■ **Given data**
········

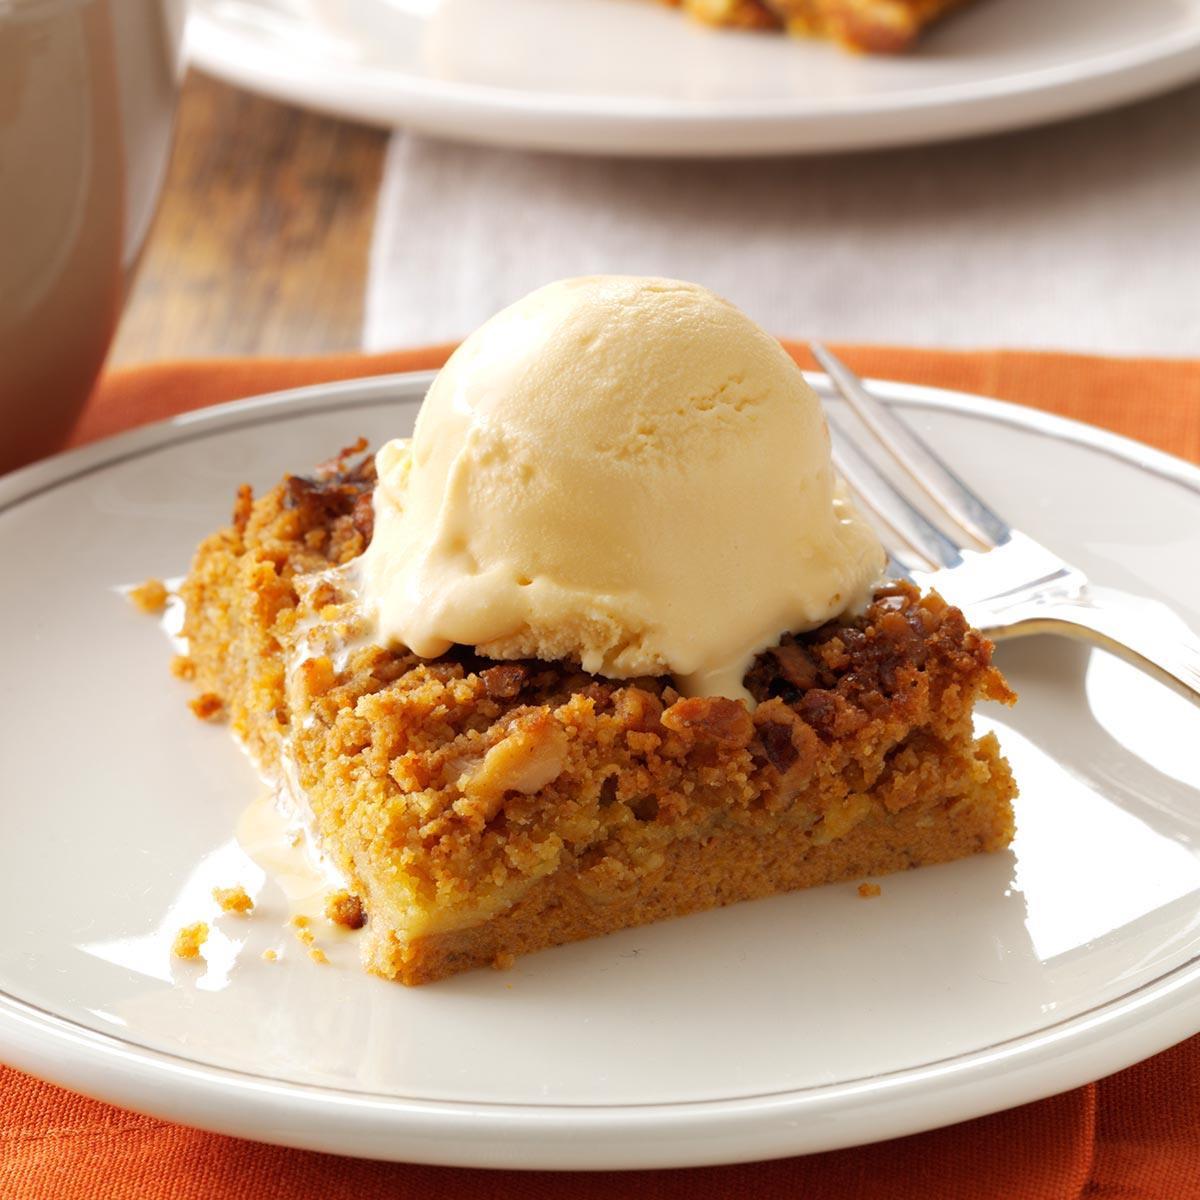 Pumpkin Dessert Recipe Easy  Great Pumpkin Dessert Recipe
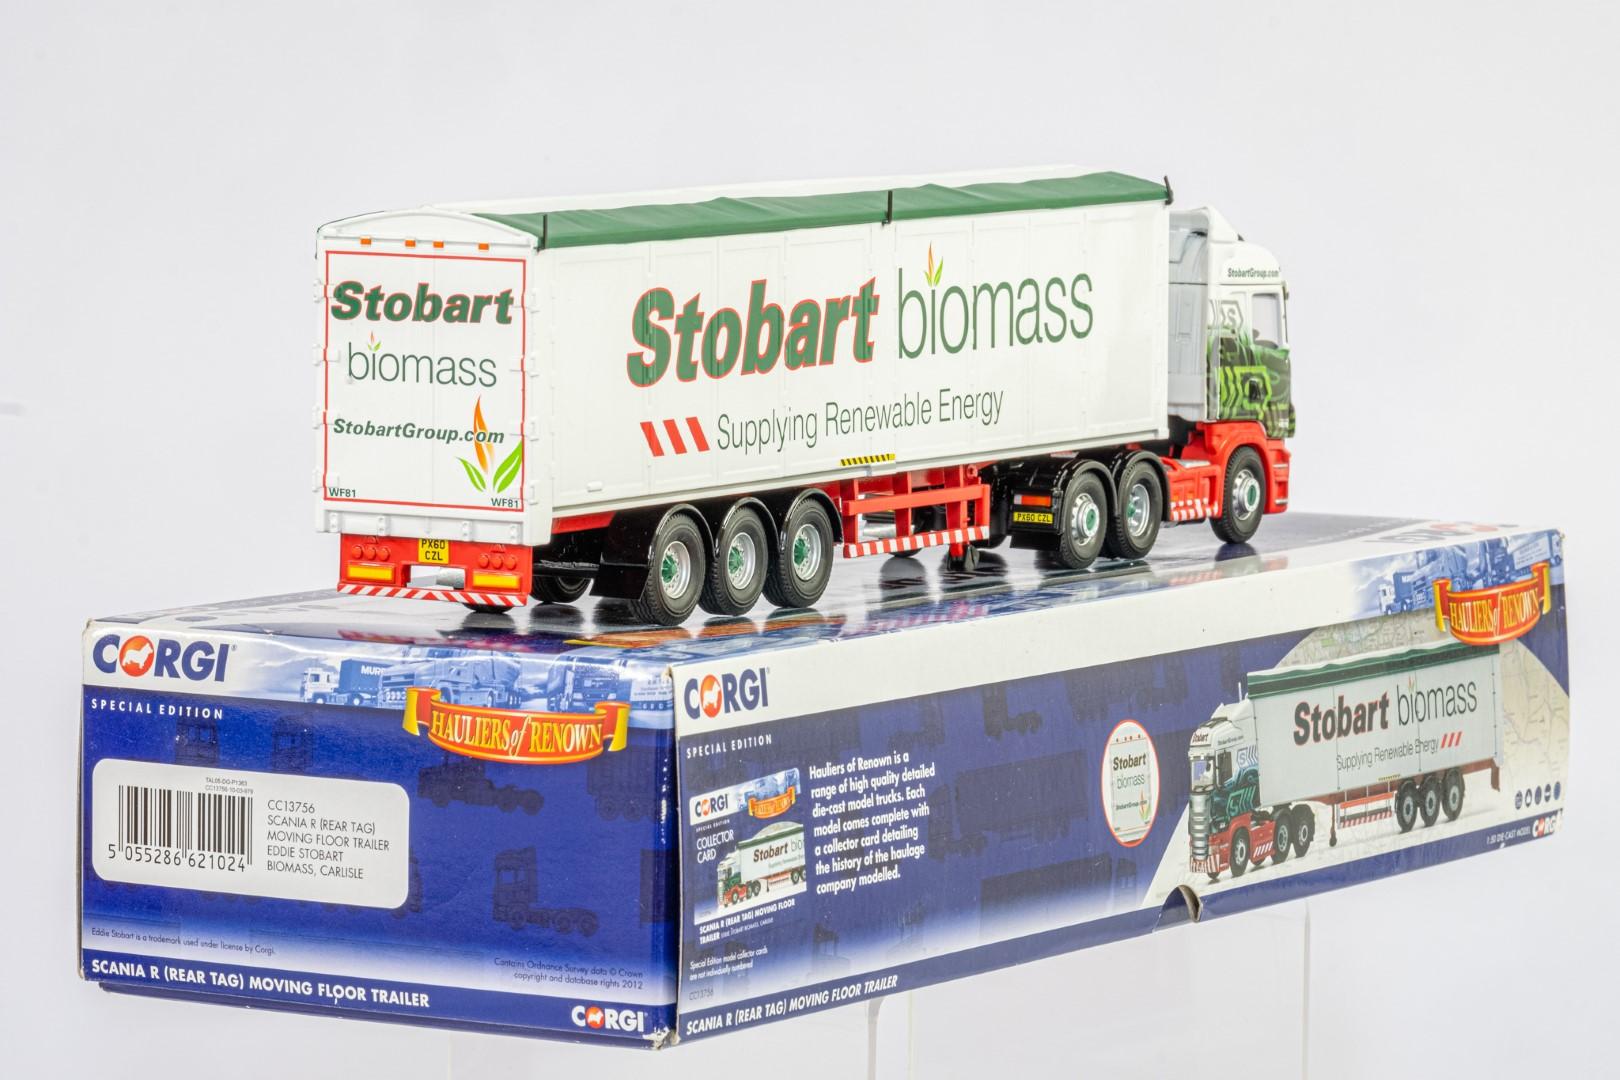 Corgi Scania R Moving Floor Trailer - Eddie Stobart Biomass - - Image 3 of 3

········

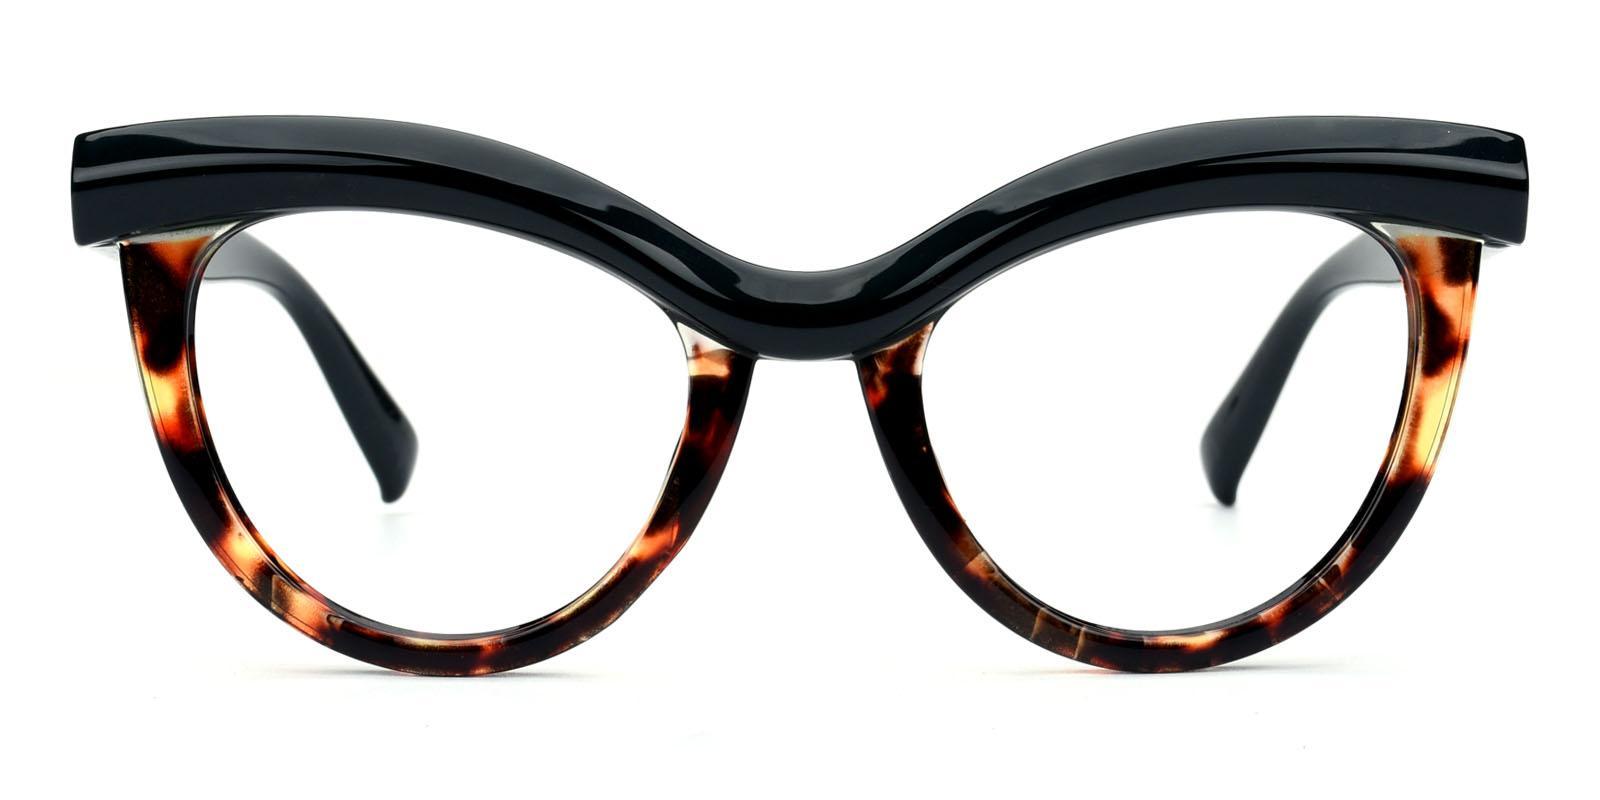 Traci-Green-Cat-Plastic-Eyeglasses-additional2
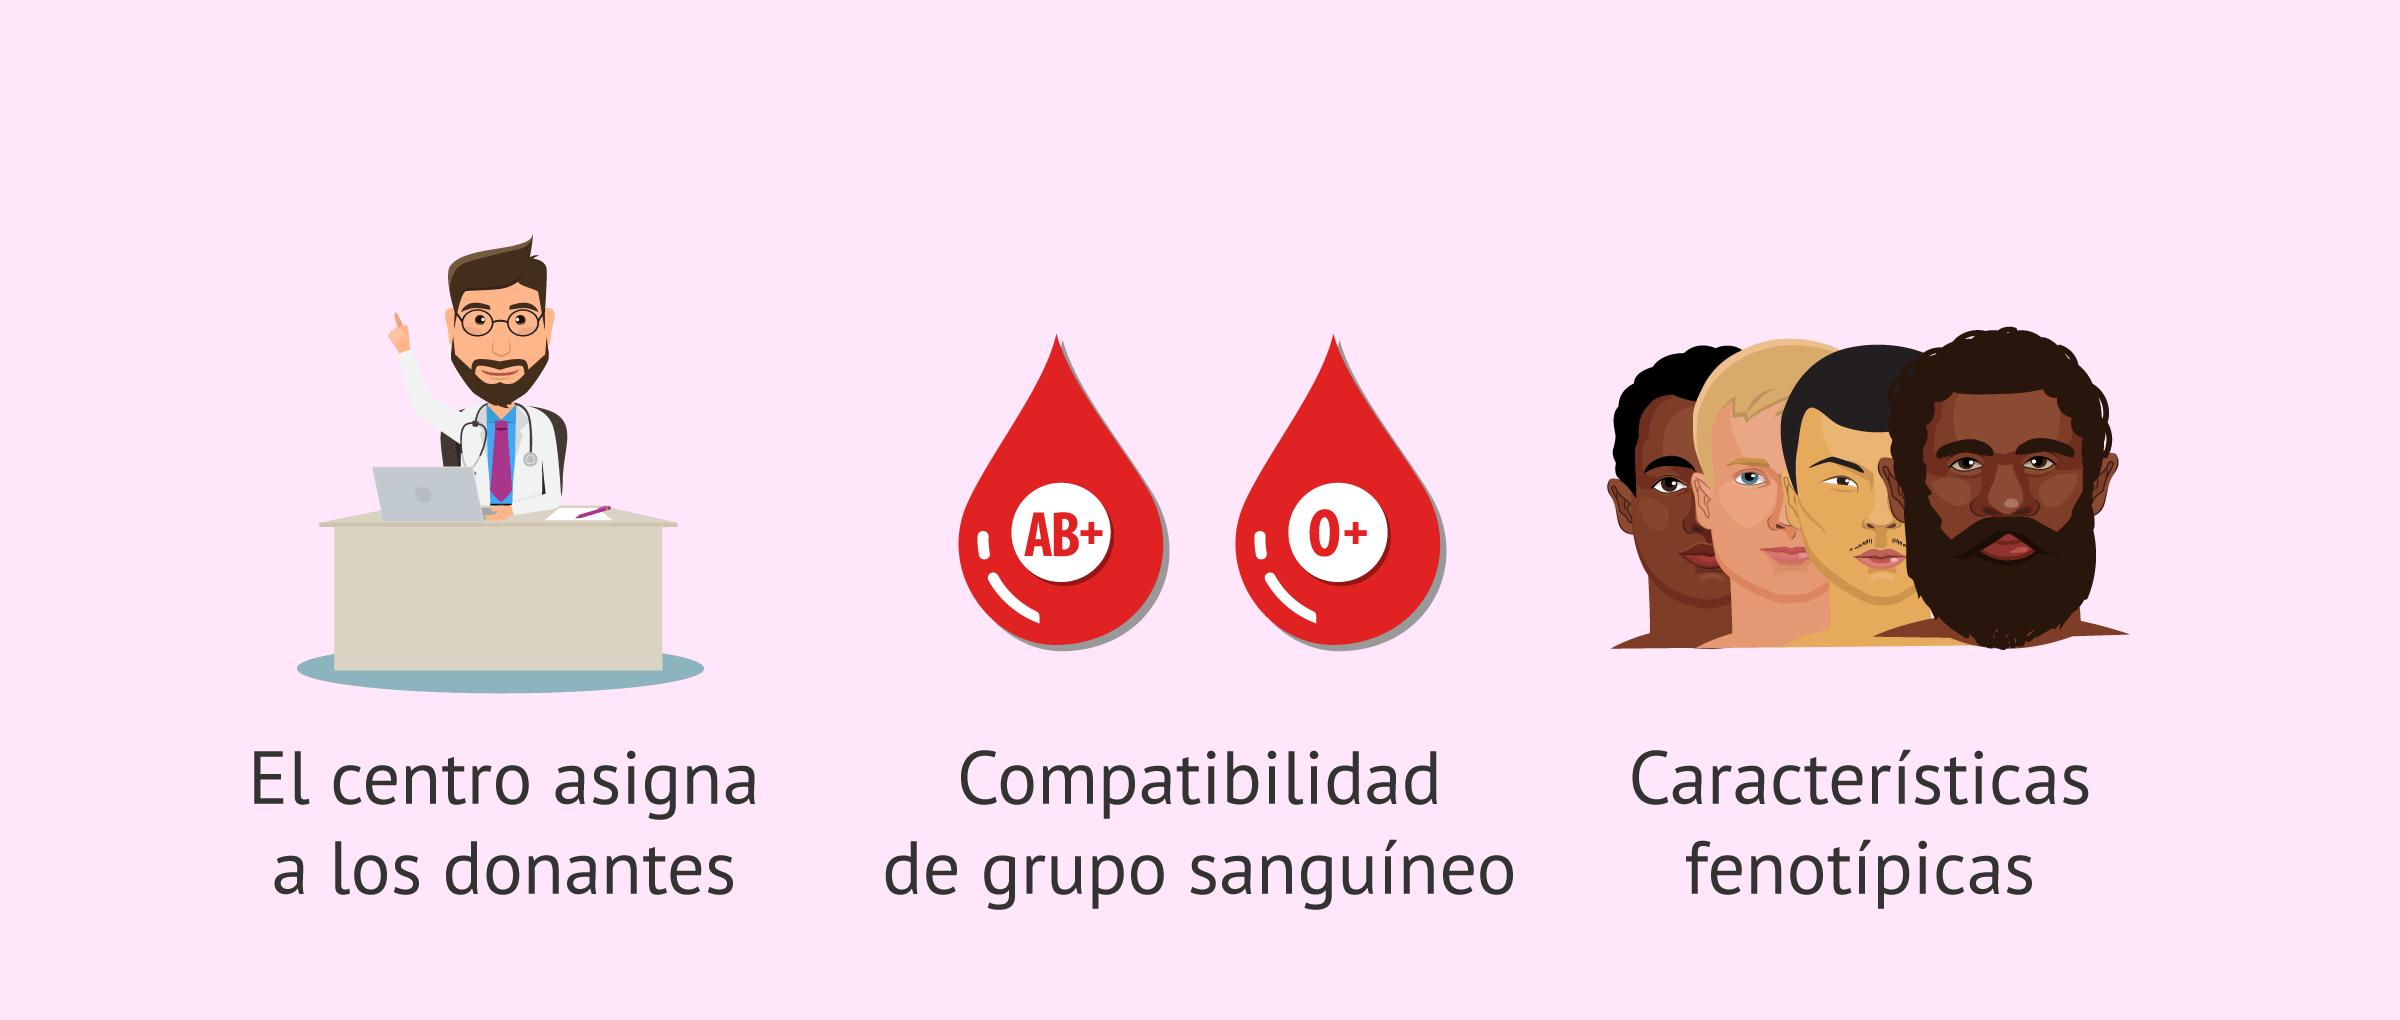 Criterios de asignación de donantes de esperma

········

■ **Activity**
Reproduce the lines above beginning at the line that contains "Pumpkin Dessert Recipe Easy" and ending at the line that contains "Corgi Scania R". No pictures.

■ **Answer section**
 Pumpkin Dessert Recipe Easy  Great Pumpkin Dessert Recipe
 Corgi Scania R Moving Floor Trailer - Eddie Stobart Biomass - - Image 3 of 3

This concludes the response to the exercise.